Open Data & Dog Parks

April 01, 2013

The following is an overview of my first experience with open data, which was used to build bark-parks (now offline) over the weekend. It’s a mashup of Toronto’s dog parks and Yelp reviews on a map. The source is on github, and I’d love any sort of contributions.


My girlfriend and I are new to Toronto. We don’t have a great idea of where things are, but we do have a puppy. So far, we’ve been using Meetup groups and a list on Toronto’s Parks, Forestry & Recreation website to figure out where to take our puppy. The list is good, but requires newcomers to open up a Google map and get directions to each location individually — a definite opportunity to contribute to the community.


Over the weekend, I spent a bit of time with Toronto’s open data[1]. The potential mashups and useful tools that could be created with just a day’s work seem endless, and could really make great strides toward improving the experience of living in a city with open data.

Data Quality

Specifically, I was looking at the dataset titled Parks and Recreation Facilities. This particular dataset is not published continuously, and there is no web service. It’s an XML file that was uploaded once — concerning, because that likely means the Toronto’s Parks, Forestry & Recreation website is not backed off this XML representation. While there is no indication other than the filename, the data looks to be from July 2011.

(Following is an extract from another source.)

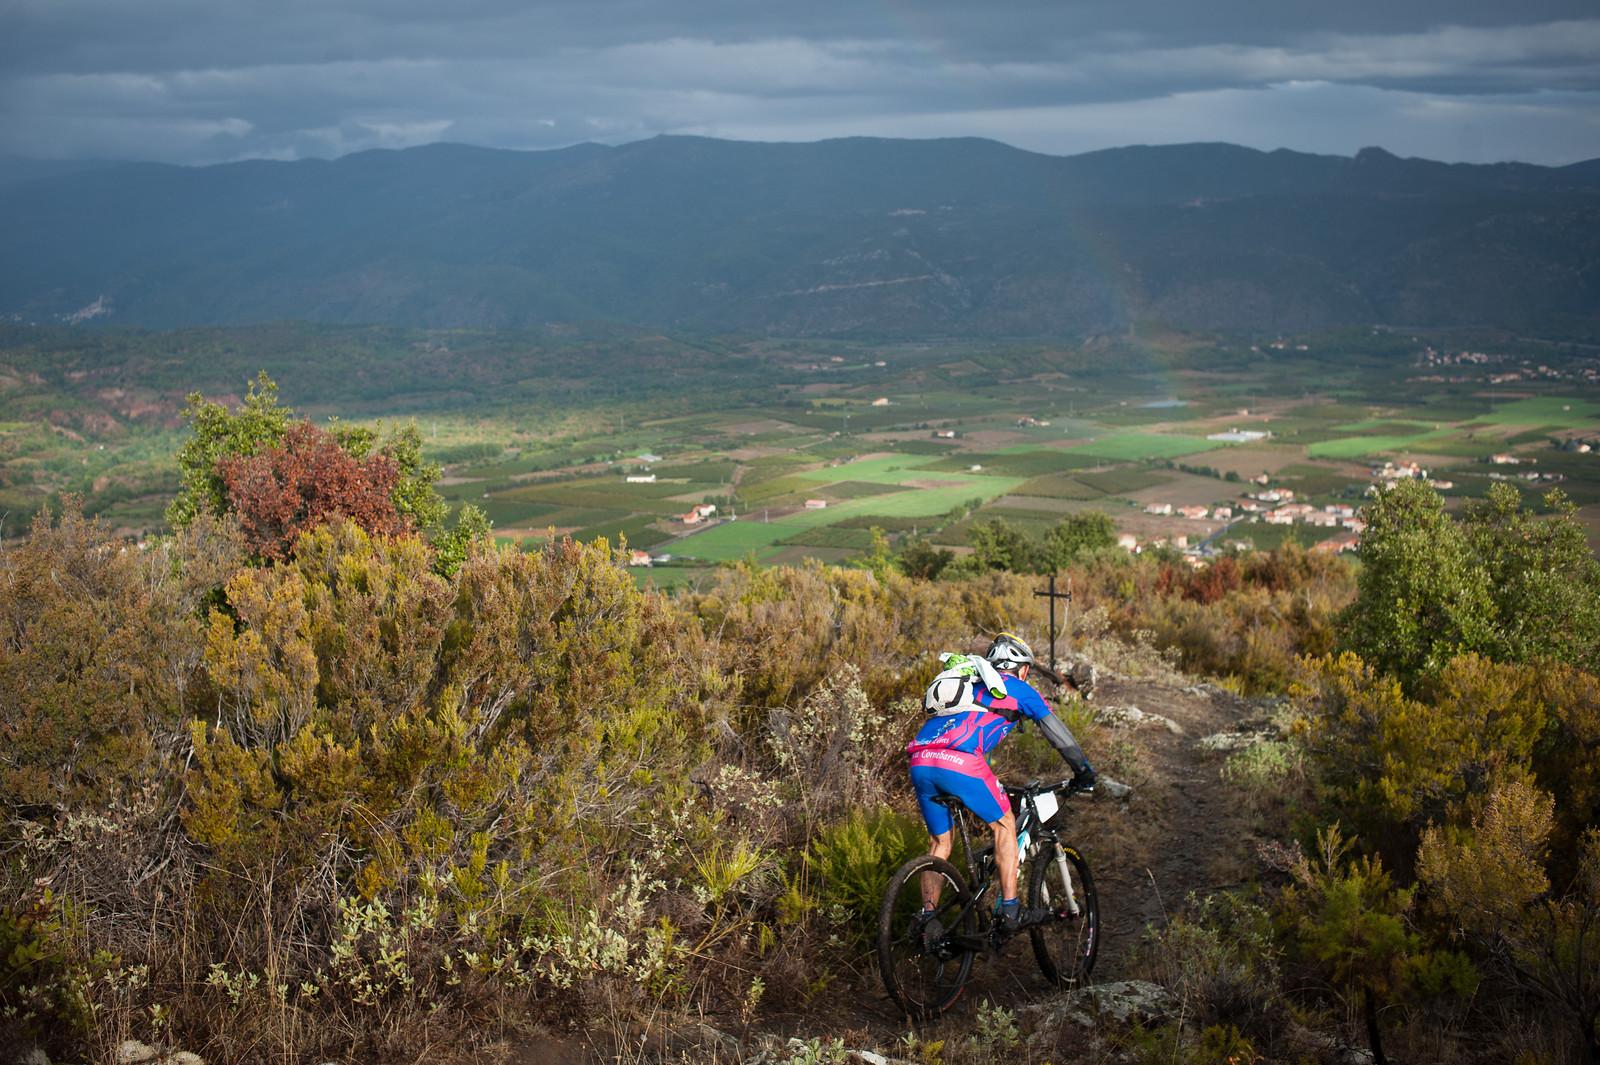 Pyrénées (south France) - Yann_Kerveno - Mountain Biking Pictures - Vital MTB

Perhaps it shouldn’t come as a surprise, but a career in enterprise development is a great leg-up in the world of coding with open government data. It’s wonderful the data is available, and it can’t be overstated how important that is. Of course, there is room for improvement. Among the unexpected things:

  • duplicate data — I’ve chosen to enforce uniqueness in the code
  • missing data — some parks appear on the website, but not in the XML
  • misspellings
  • missing elements that we could reasonably expect — other data sets have latitude and longitude coordinates. Here, we just have text addresses

I strive to leave the reference data alone in fixing any issue. I don’t want to mess with the format or content of it. Instead, I want to take the dataset, transform it, and enrich it for my application. By leaving the original reference source alone, we should be good for future updates[2].

Feedback Loop

I have an email out to the team on the above issues and am hopeful they’ll correct them. Still, I’d prefer something like github issues for open data — if we want the data open, shouldn’t we work together in the open to improve the quality of it as well?